Instructions to follow -
A faithful transcript of all the lines below, with no pictures, is the goal here.

Data extract -
[Start of section]

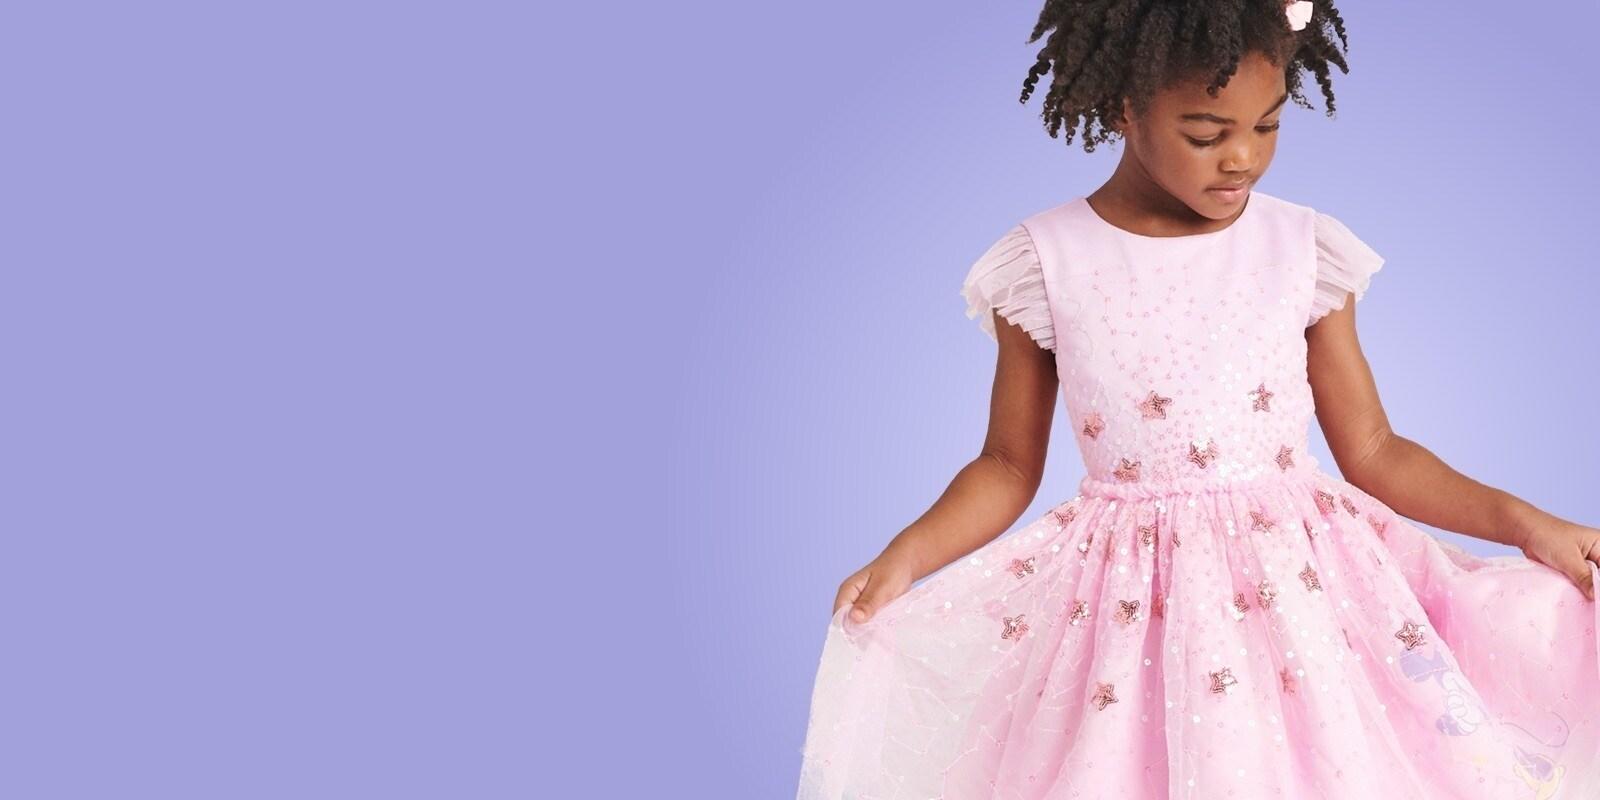 Mädchen im rosa Kleid
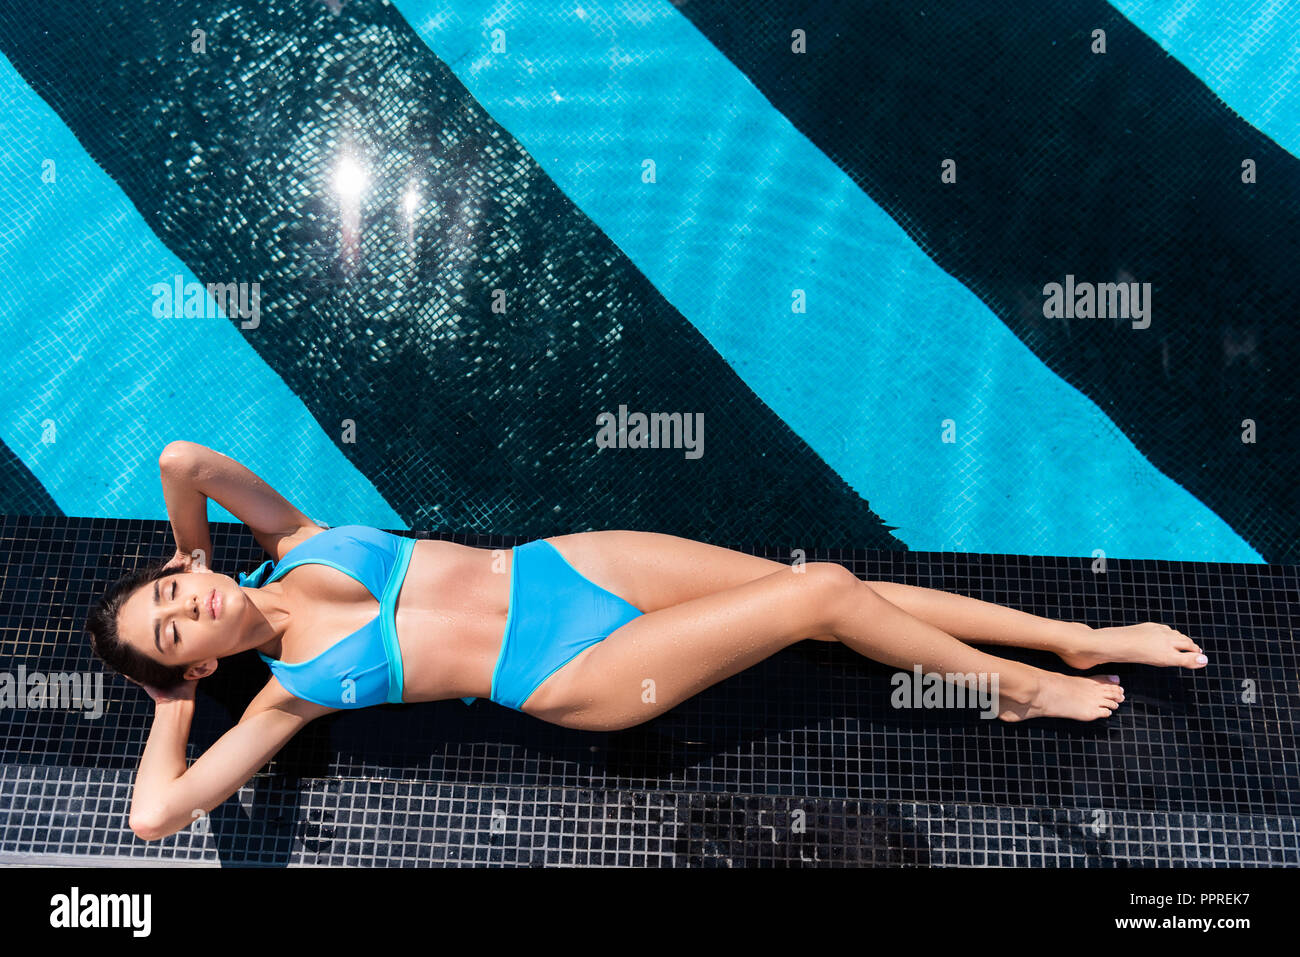 Vista superiore della ragazza in bikini blu a prendere il sole a bordo piscina Immagini Stock
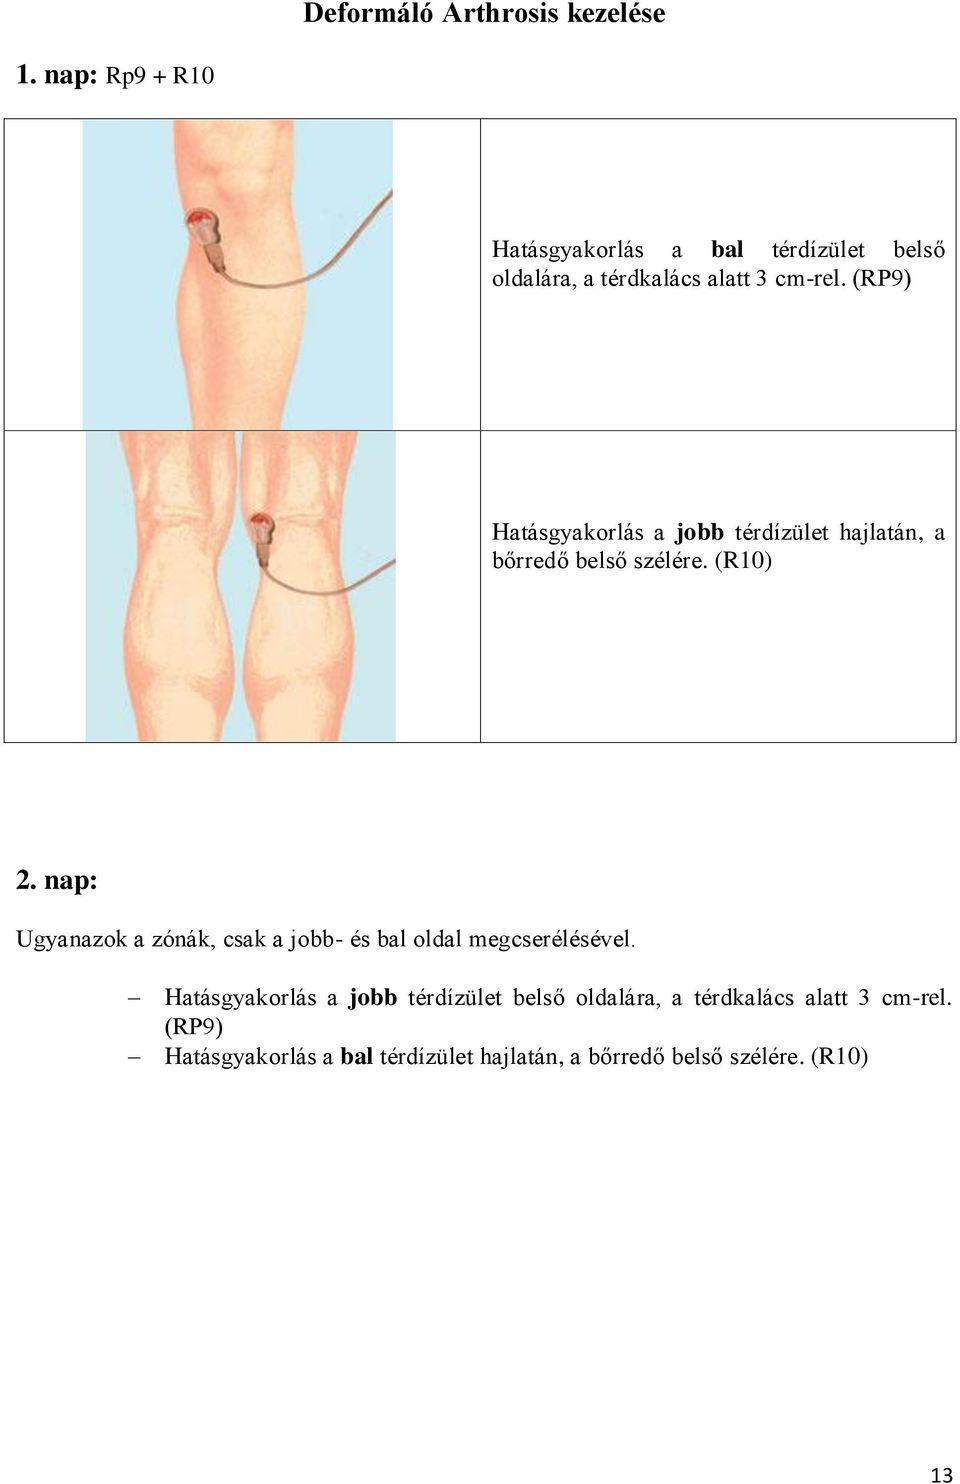 orvosi epe az artrózis kezelésében
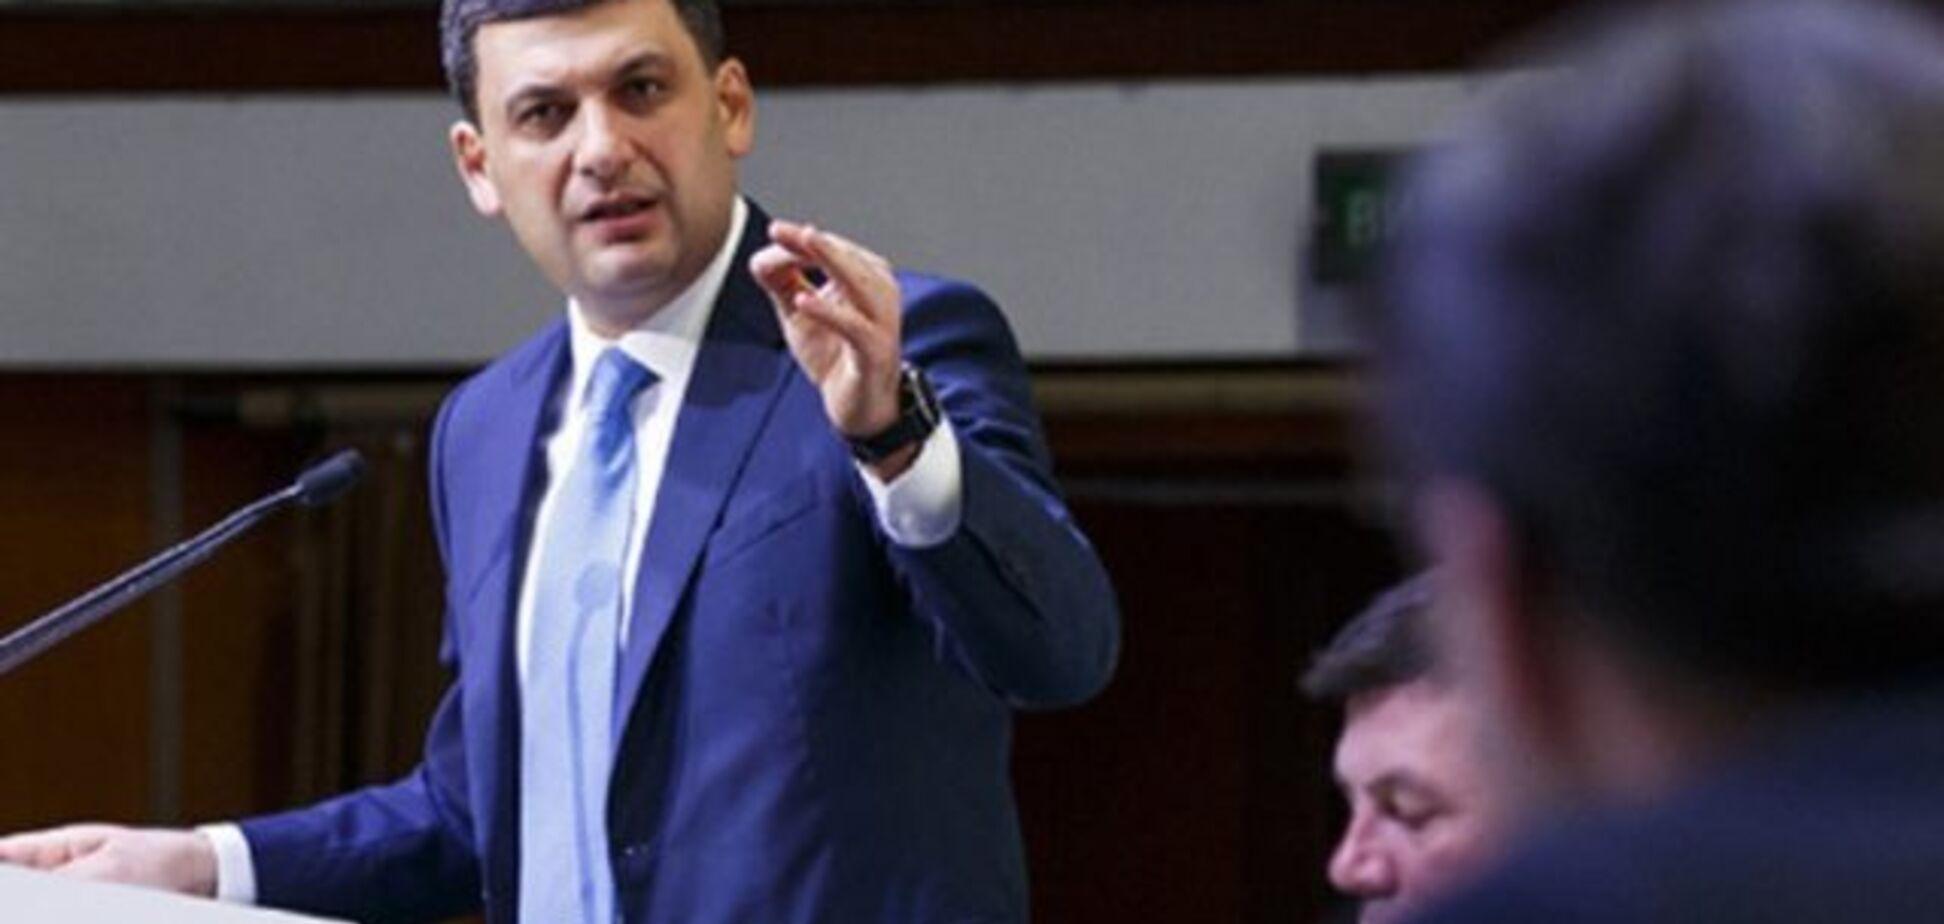 Геращенко закликала Гройсмана не грати у 'піддавки' з ворогом

[End of section]

Answer to the problem -
 Mädchen im rosa Kleid
 Vista superiore della ragazza in bikini blu a prendere il sole a bordo piscina Immagini Stock
 orvosi epe az artrózis kezelésében
 Геращенко закликала Гройсмана не грати у 'піддавки' з ворогом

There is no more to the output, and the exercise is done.